По Витке вдруг пронзительной, темной волной прошло отчаянье при воспоминании о прожитом и пережитом, в следующую минуту она растерянно оглянулась.
— Но ведь это… смерть?
— Да нет, Витуш, — та же грустная, чарующая мудрость улыбки, родинка на правой щеке и любовь, любовь, затмевающая все, глаза, переполненные любовью. — Память это.
— ?
— В памяти ты, Витуш. У меня в гостях. Успела я… Успела! — укоряюще закивала бабушка в ответ на недоумевающий взгляд. — Что ж ты так сразу-то? И с розой на подушке…
— Так это… — пунцовым смущением оттого, что не догадалась раньше, вспыхнула Витка.
— Память обо мне. И покуда жива она — и я живу. В ней. Земля-то — только для тела. Успела я…
— А… — горло Витки сдавили рыдания, она вдруг наклонилась через стол и поцеловала маленькую морщинистую руку с запахом детства, покоя, рая. — А как же ты пришла ко мне?
— А фотографию на полу кто бросил? — ласково засмеялась бабушка и потрепала Витку по волосам. — С фотографии-то все видно! А пыли, пыли-то развела! И мальчику не открыла.
— Да не мальчик он! — зло скуксилась Витка. — Мужик здоровый с блажью в башке — переспать со мной. Тебе-то не видно с фотографии. Ну вот интересны ему такие уроды, как я! Да и не нужен он мне…

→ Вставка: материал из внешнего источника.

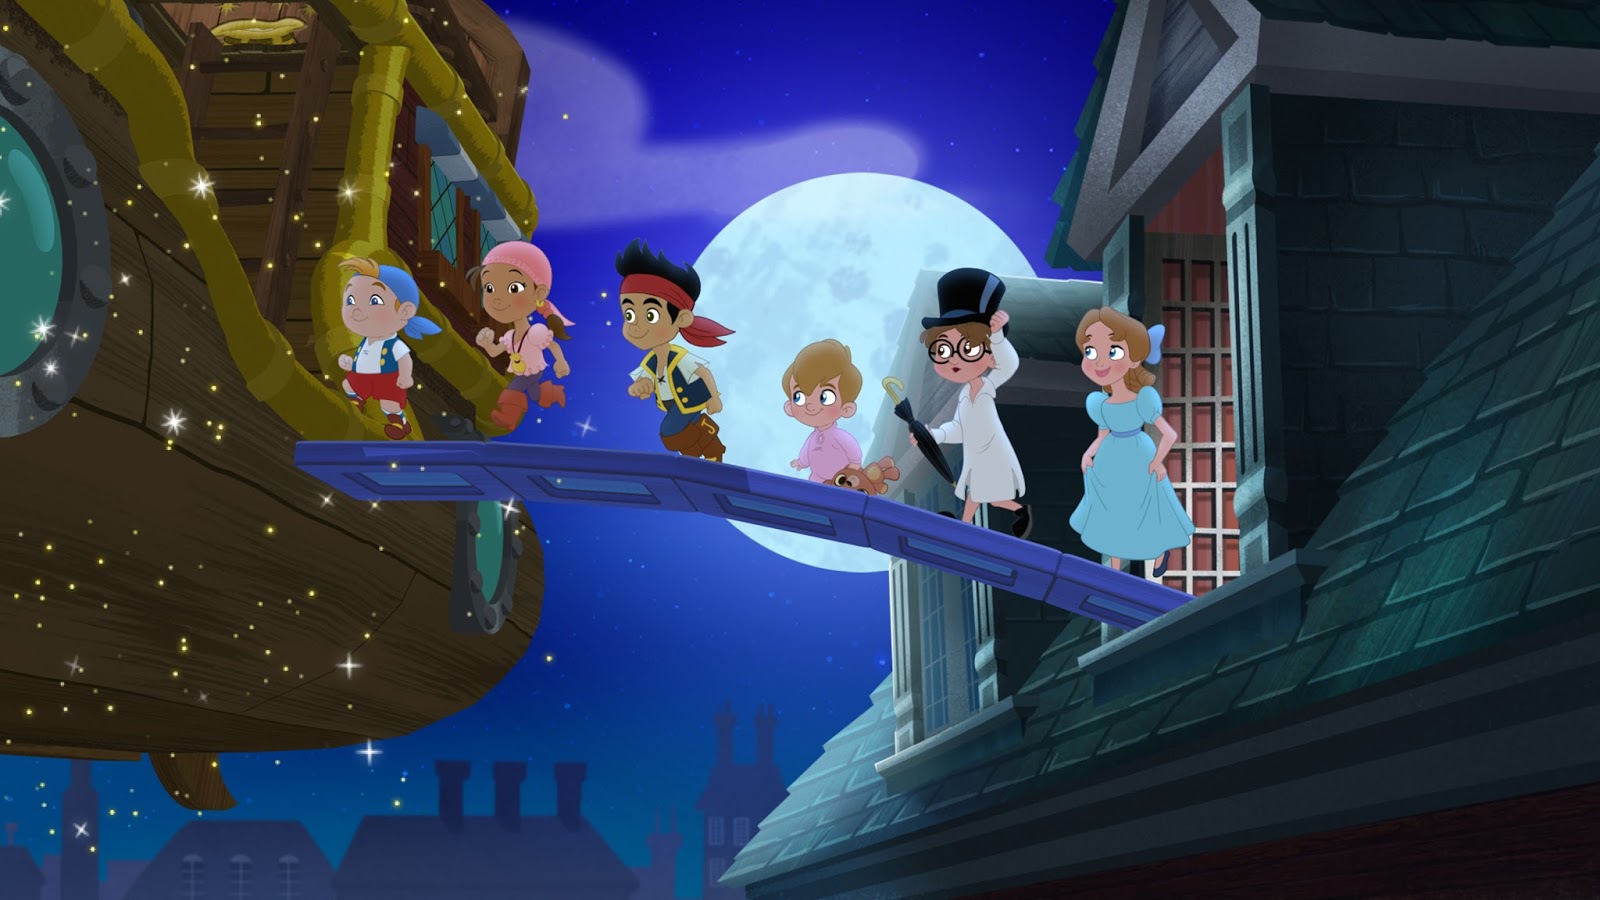 Jake and his crew of kid pirates take flight over London in Disney Junior's "Jake and the Never Land Pirates: Battle for the Book!," a primetime special
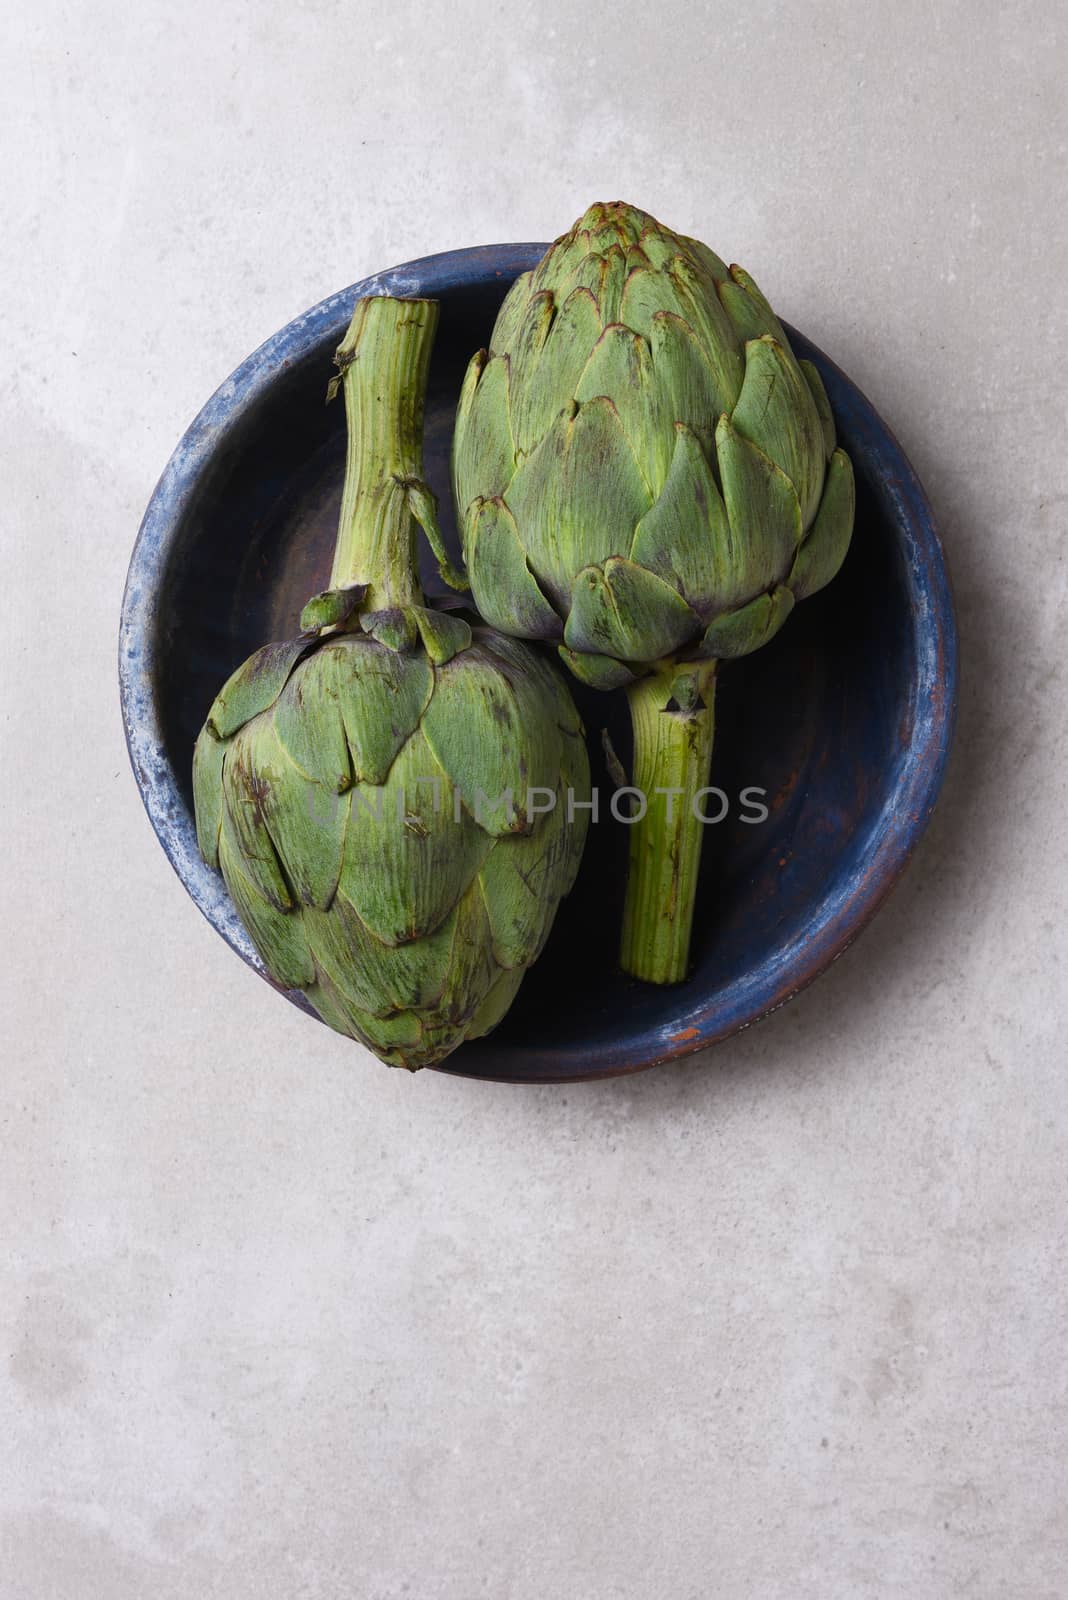 Two artichokes in a blue bowl on a mottled gray background with copy space.

— А кто нужен, Витуш? — мягко, воркующе спросила бабушка и подлила Витке густой, луговой, с травами, чай, и Витка замерла от этого запаха лугов, детства, счастья, и заплакала, не мигая, не сводя глаз с дорогого лица.
— Ты знаешь, кто…
Тихо и неспешно течет Виткина повесть, тикают часы, чуть развеваются от весеннего ветра кружевные занавески, и — покой, покой, покой! Прозрачно-золотая тишина, мурлыканье кота на бабушкиных коленях (и он здесь, в памяти?), и, Боже мой, ничего больше не надо. Но тихо течет Виткина повесть. О любви, о болезни, о сумасшедшем доме…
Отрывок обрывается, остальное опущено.